INFORMATION PROVIDED
###

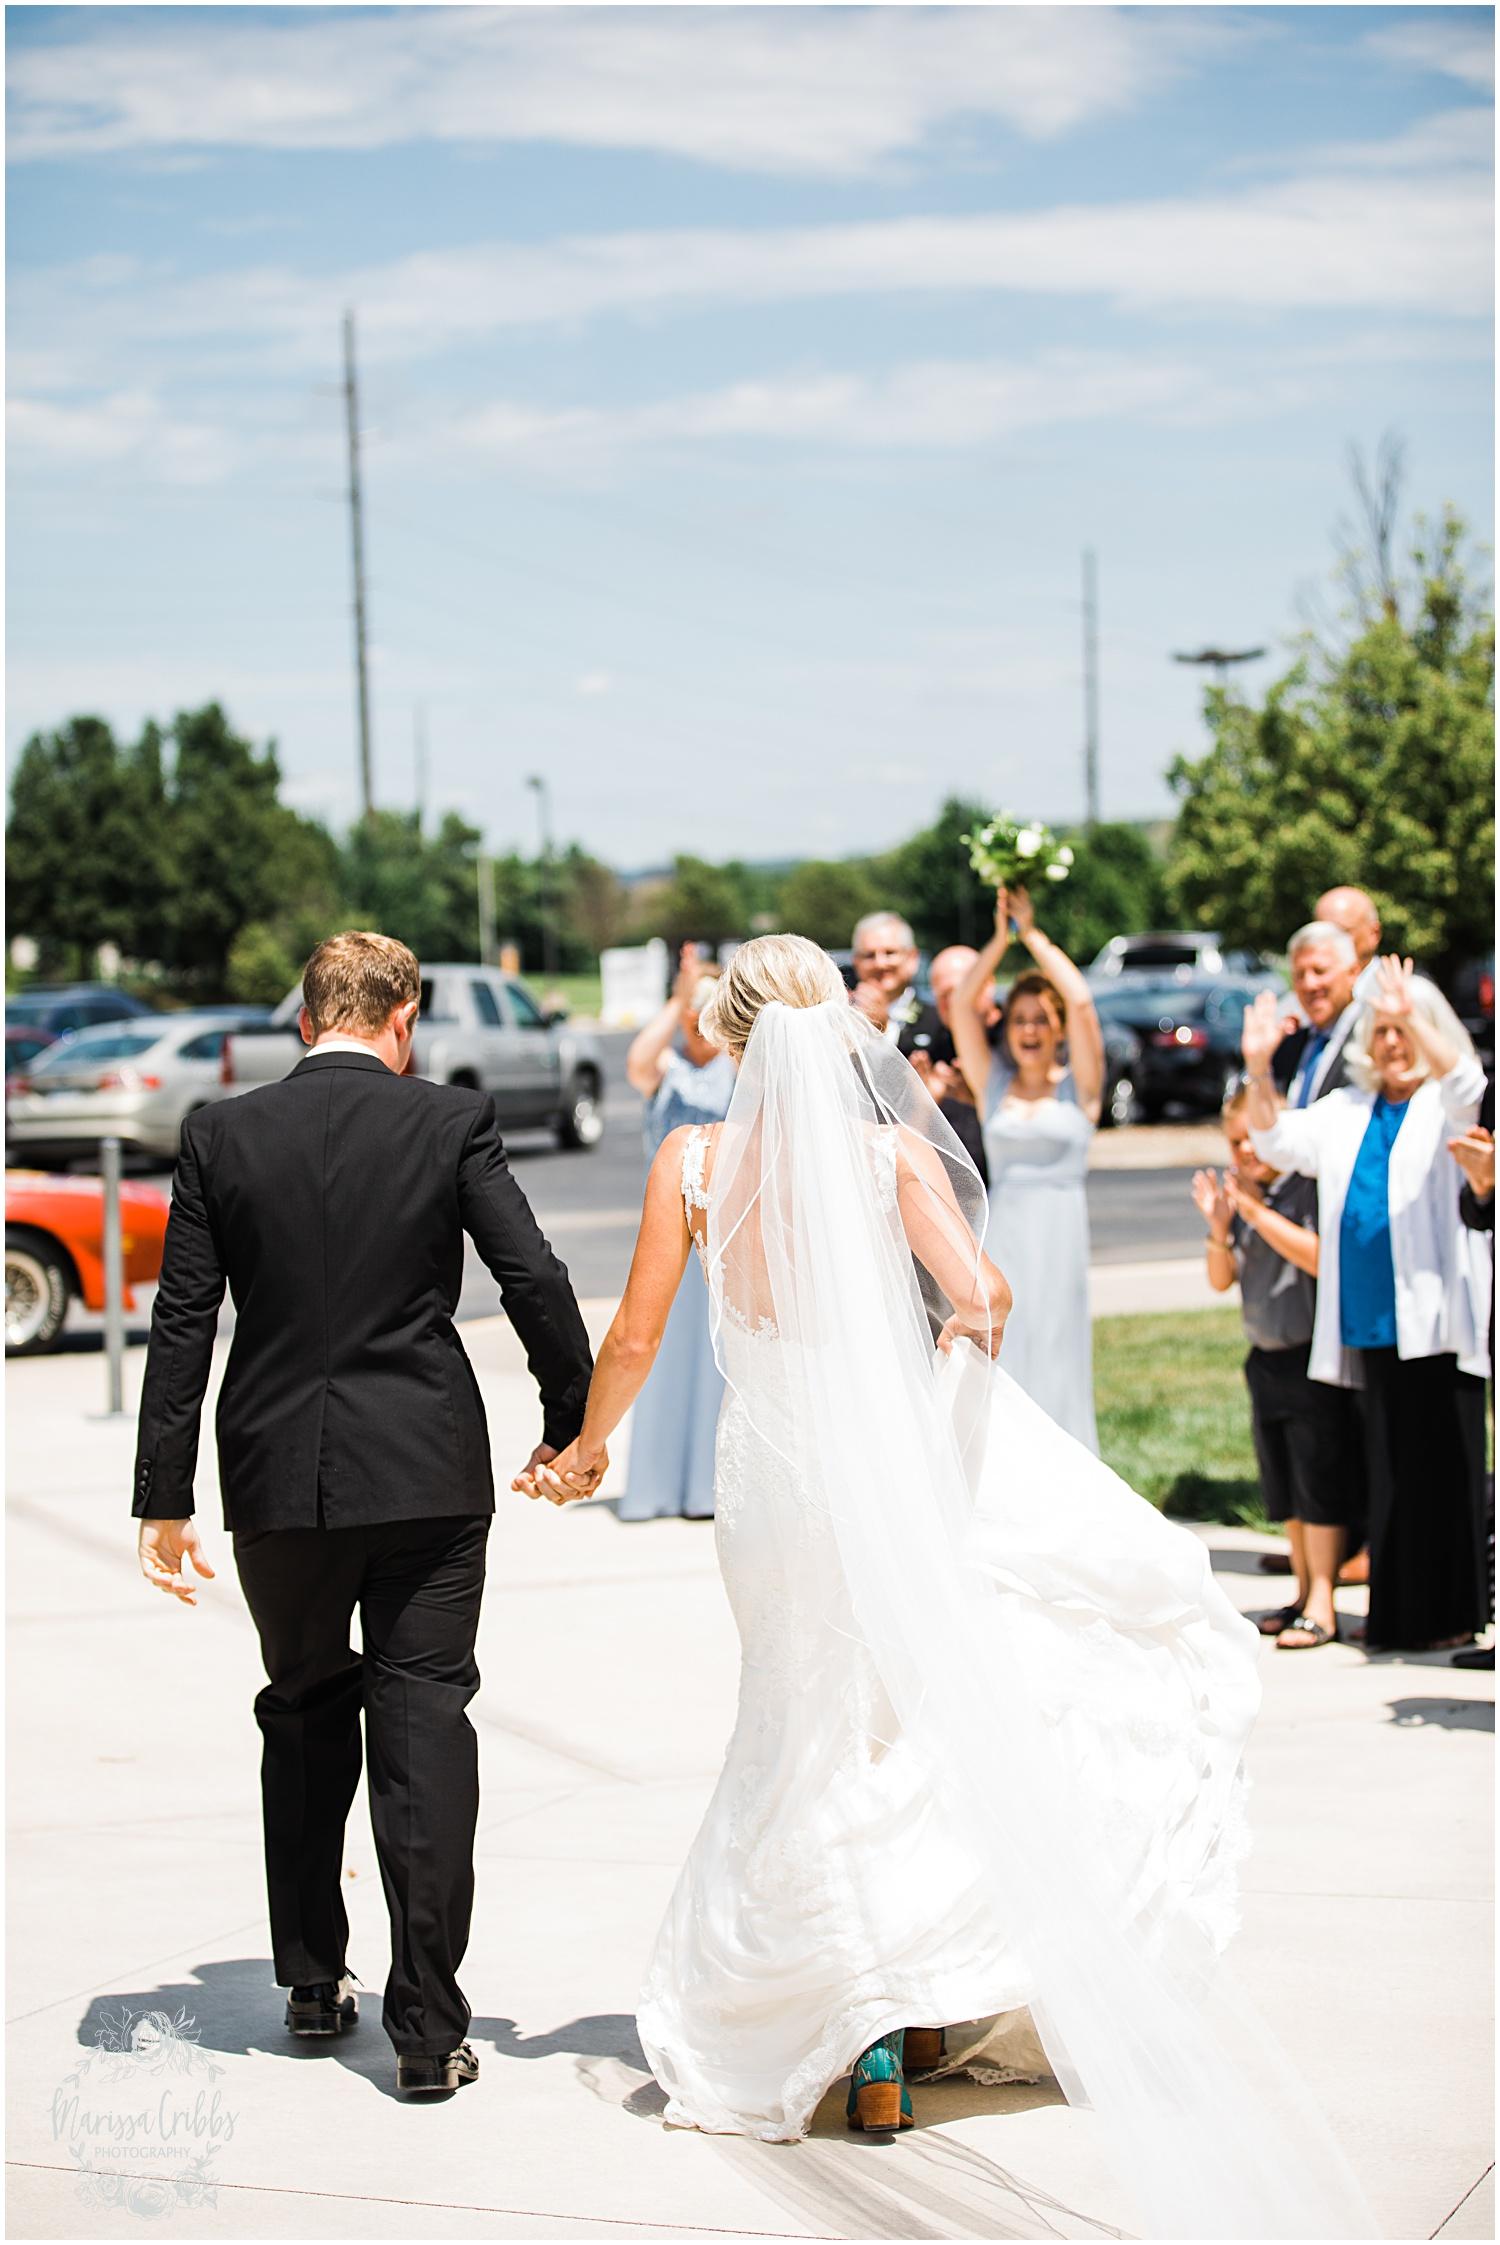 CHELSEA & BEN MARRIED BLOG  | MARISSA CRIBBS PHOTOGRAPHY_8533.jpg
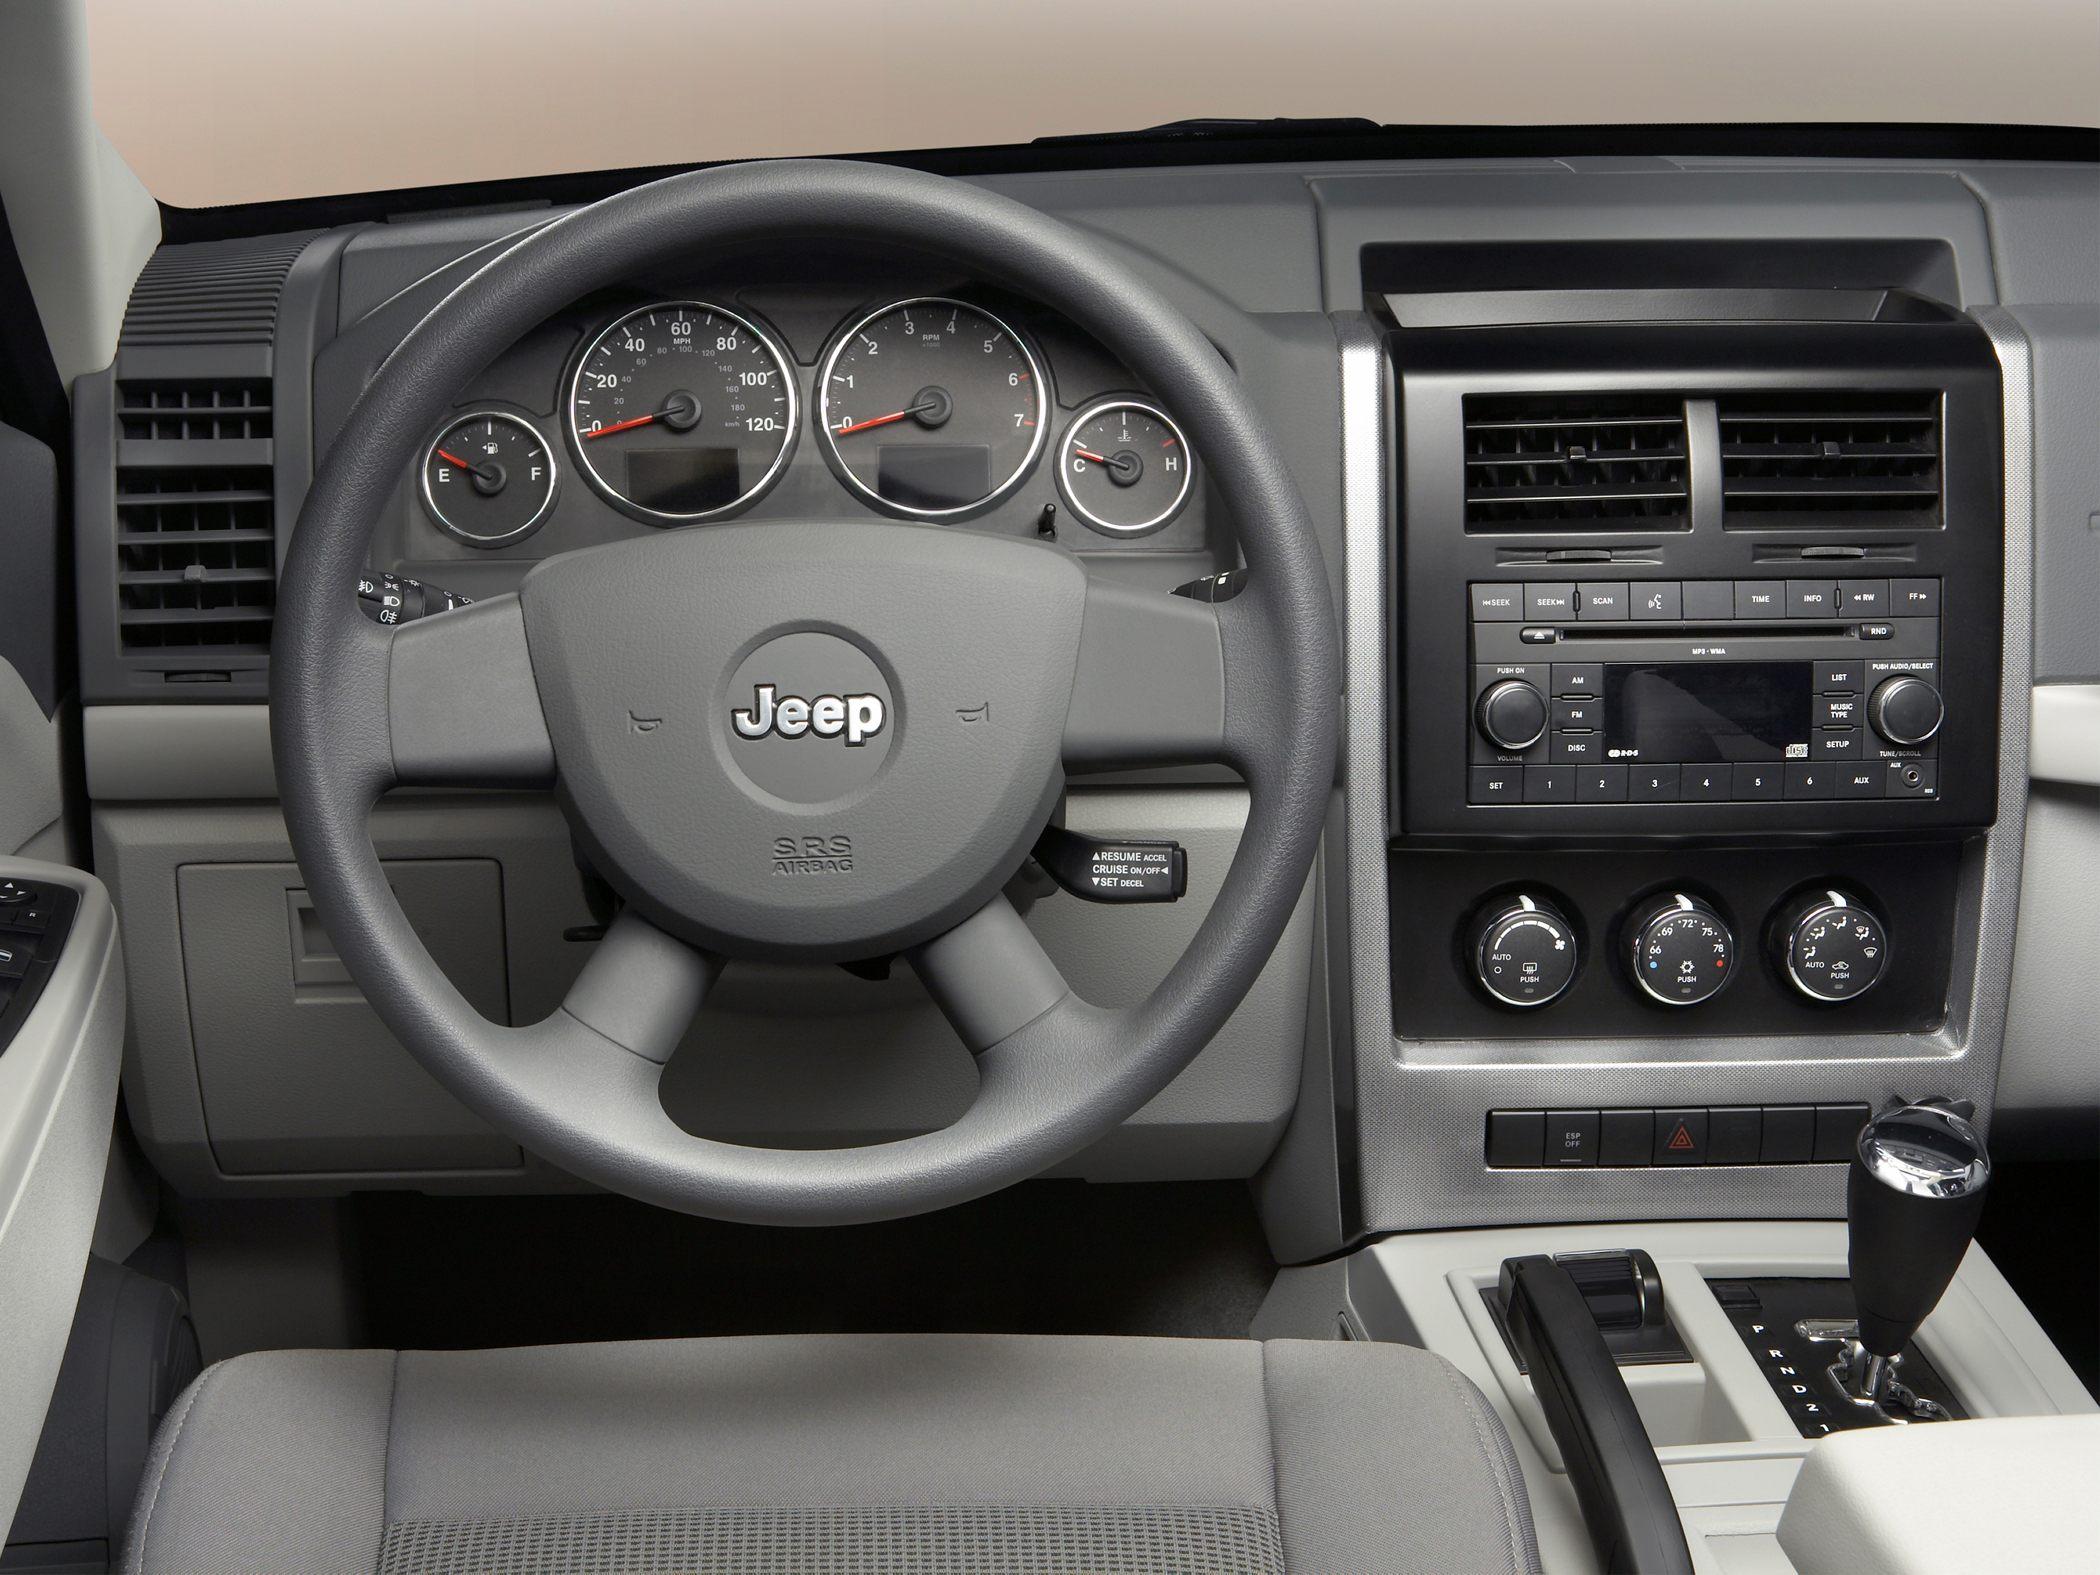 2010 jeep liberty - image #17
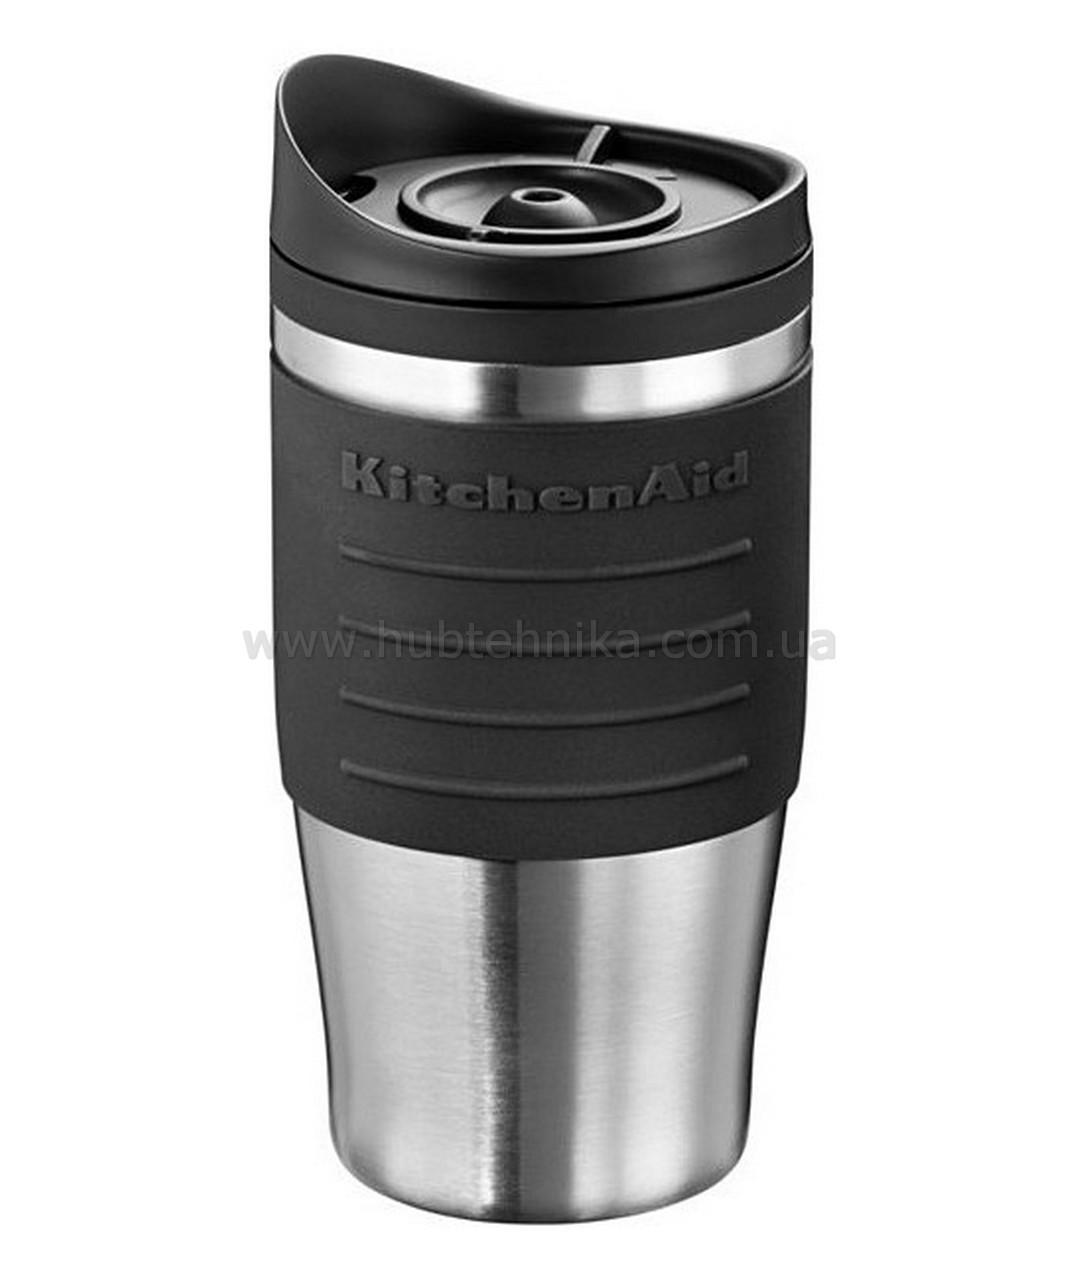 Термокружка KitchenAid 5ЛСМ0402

###

WHAT IS BEING ASKED
Reproduce the data verbatim and omit each image.

TASK ANSWER
 CHELSEA & BEN MARRIED BLOG  | MARISSA CRIBBS PHOTOGRAPHY_8533.jpg
 2010 jeep liberty - image #17
 Термокружка KitchenAid 5ЛСМ0402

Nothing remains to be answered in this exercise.